A Proof by Cases is a kind of proof by exhaustion. You are breaking the set you are proving something about into smaller sets.

A good example is when we proved the definition of absolute value.

\[|x| = sgn(x) \cdot x\] \[sgn(x) = \begin{cases} -1 & x<0\\ 0 & x =0\\ 1 & x>0 \end{cases}\]

Case 1: \(x > 0\)

\[\begin{array}{l l l} 1. & x > 0 & \textrm{Case Assertion} \\ 2. & sgn(x) = 1 & \textrm{Signum Def.} \\ 3. & sgn(x) \cdot x = x & \textrm{Multiply both sides by } x \\ 4. & |x| = x & \textrm{Applied Def. of Absolute Value to Line 1} \\ 5. & sgn(x) = |x| & \textrm{Compared Lines 3 and 5} \\ \end{array}\]

Case 2: \(x = 0\)

\[\begin{array}{l l l} 1. & x = 0 & \textrm{Case Assertion} \\ 2. & sgn(x) = 0 & \textrm{Signum Def.} \\ 3. & sgn(x) \cdot x = 0 & \textrm{Multiply both sides by } x \\ 4. & |x| = 0 & \textrm{Applied Def. of Absolute Value to Line 1} \\ 5. & sgn(x) = |x| & \textrm{Compared Lines 3 and 5} \\ \end{array}\]

Case 3: \(x < 0\)

\[\begin{array}{l l l} 1. & x < 0 & \textrm{Case Assertion} \\ 2. & sgn(x) = -1 & \textrm{Signum Def.} \\ 3. & sgn(x) \cdot x = -x & \textrm{Multiply both sides by } x \\ 4. & |x| = -x & \textrm{Applied Def. of Absolute Value to Line 1} \\ 5. & sgn(x) = |x| & \textrm{Compared Lines 3 and 5} \\ \end{array}\]

Proof of Existence

Sometimes you just need to prove the existence of something.

\(\exists x \in S, {} P(x)\).

Again, like we discussed in class, you can show the existence of something by looking at every element of the set and finding an \(x\) such that \(P(x)\) is true.

Let’s go back to our food example:

\(F = \{\)Erik, José, Nicoleta, Aksana\(\}\)

\(V = \{\)Aksana, Erik\(\}\) is the set of your friends who are vegetarian

\(N = \{\)Aksana\(\}\) is the set of your friends who are vegan

We want to prove: \(\exists x \in F,{} x \in N \rightarrow x \in V\)

\[\begin{array}{l l l} 1. & x = \textrm{Aksana} & \textrm{Picked an }x \in F \\ 2. & x \in N = \texttt{True} & \textrm{Given} \\ 3. & x \in V = \texttt{True} & \textrm{Given} \\ 4. & x \in N \rightarrow x \in V = \texttt{True} & \textrm{Applied Def. of Implication to Lines 3 and 4 } \square \\ \end{array}\]

Proof of Existence

Sometimes you will have to prove the existence of more complicated things.
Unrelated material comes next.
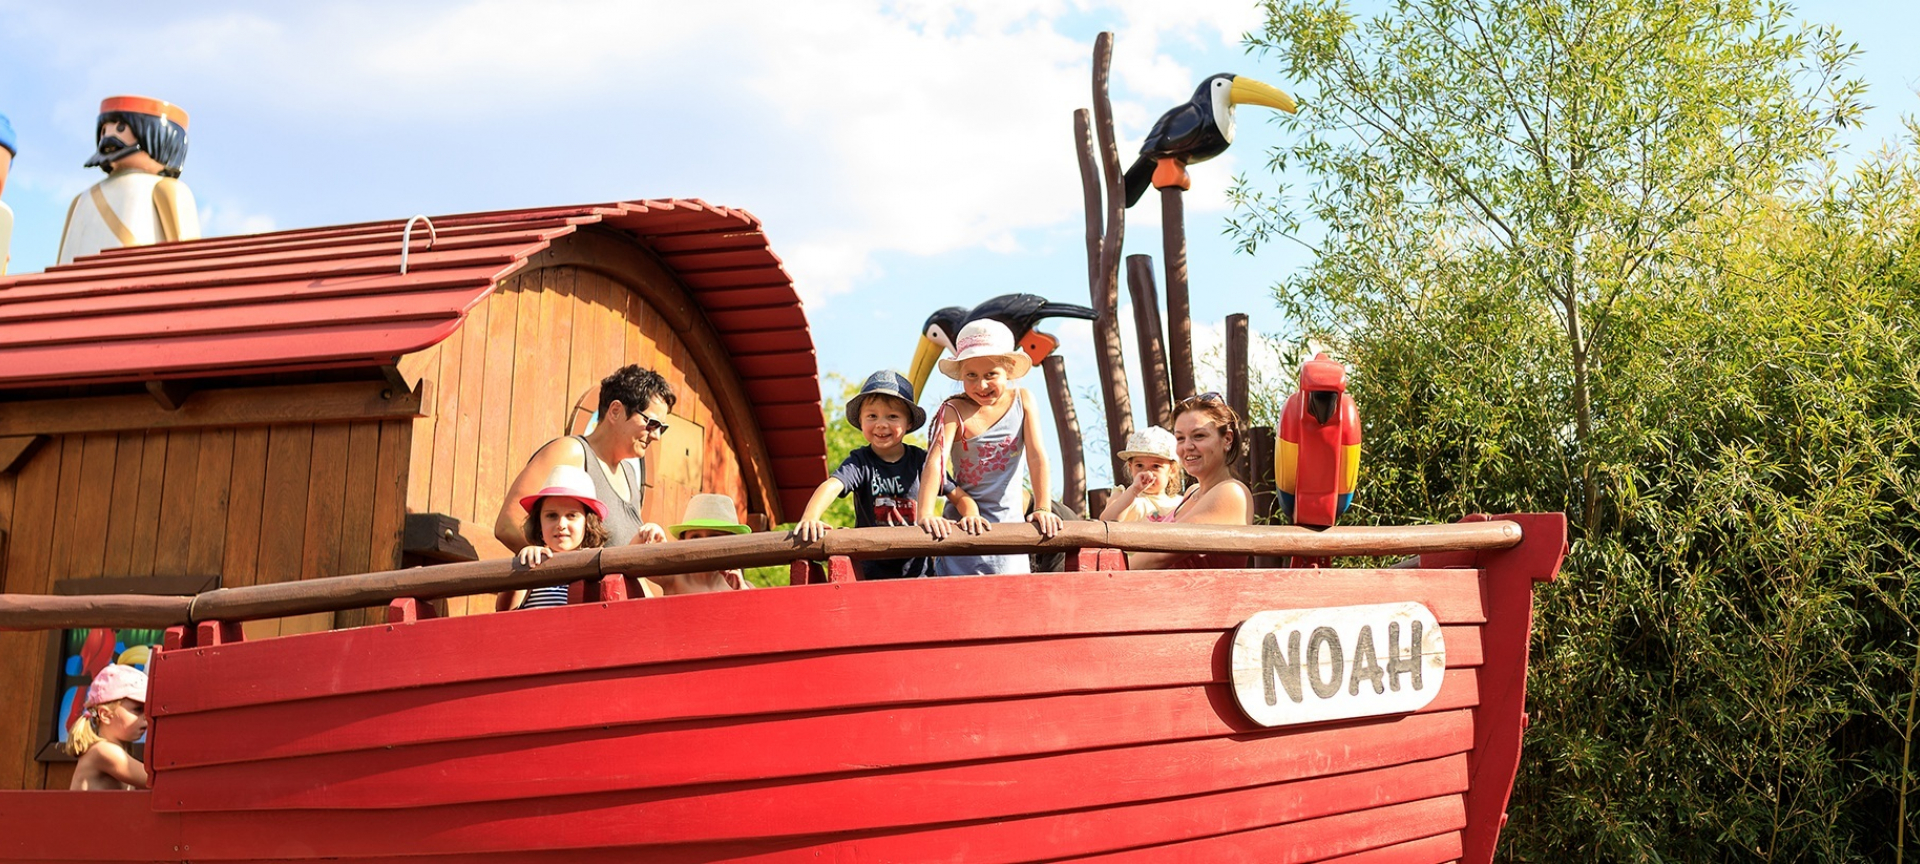 Verplicht Onzin communicatie Noah's Ark - Attractions - Playmobil FunPark

For example, you might want to argue the usefulness of exponential encryption by proving that exponential encryption can be decrypted:

\[\exists e,d,x,N \in \mathbb{Z}, {} x^{e \cdot d} \bmod N = x\]
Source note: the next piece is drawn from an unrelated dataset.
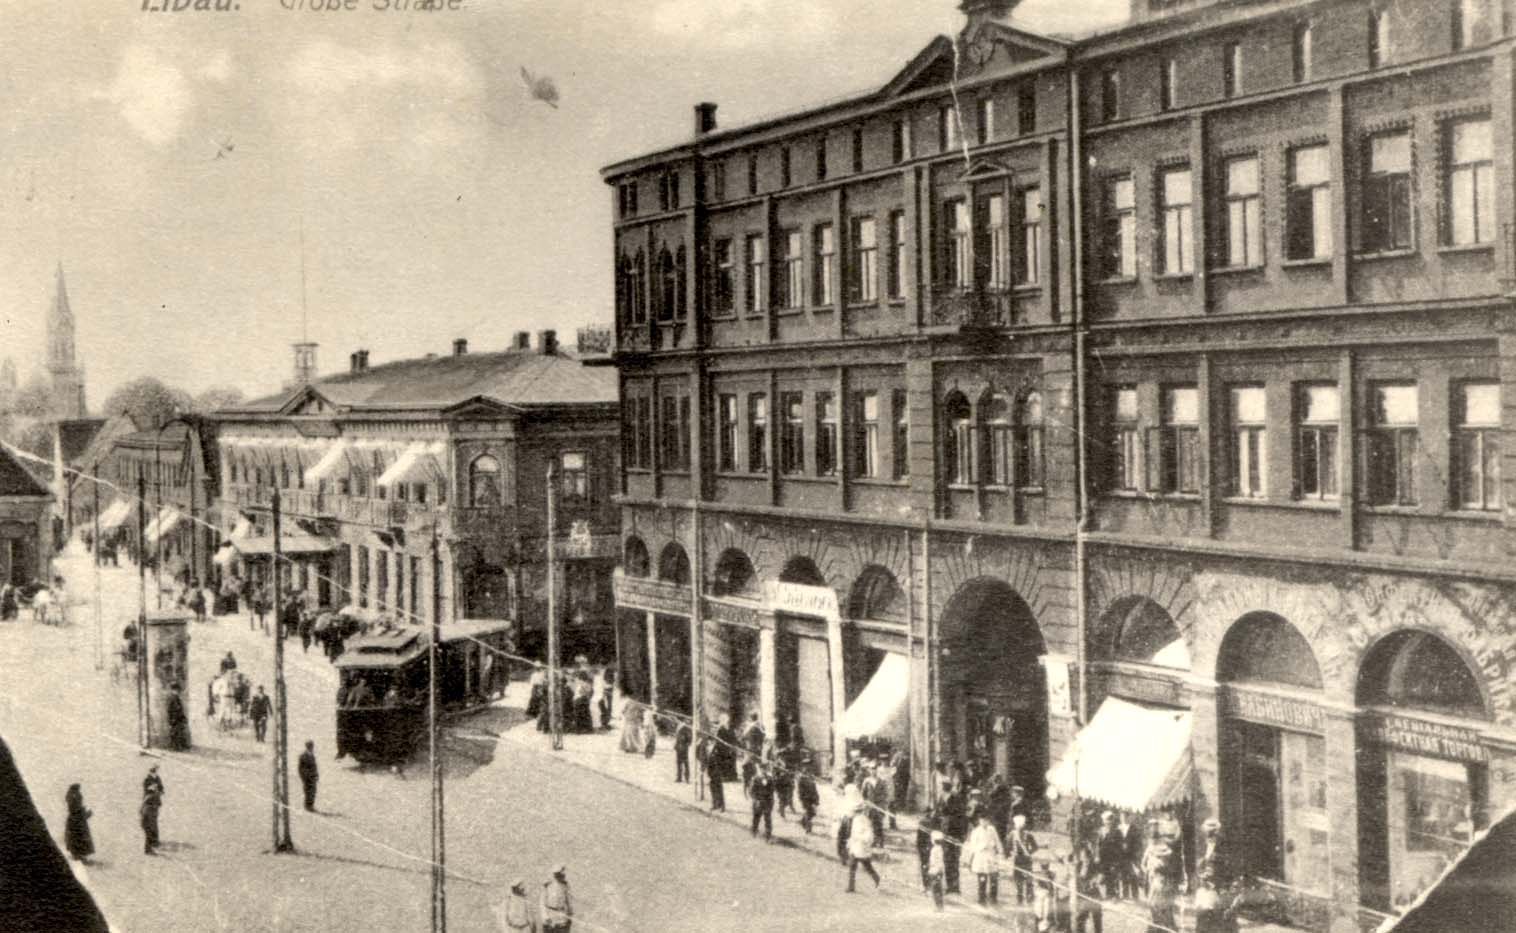 The main street of Liepaja before World War II

You can do this by using RSA as an example:

\[N = p \cdot q\]

\[e \cdot d = 1 \bmod (p-1)(q-1)\]

(I’m not going to do the actual proof of this because we already did it in class.)

This can also be called a constructive proof because you are literally constructing your own example.

Common Constructive Proofs

A common constructive proof you will see in computer science looks something like:

“This problem can be solved in this amount of time”

People will prove this by constructing an algorithm that solves that problem and proving that the algorithm can be completed in a certain runtime.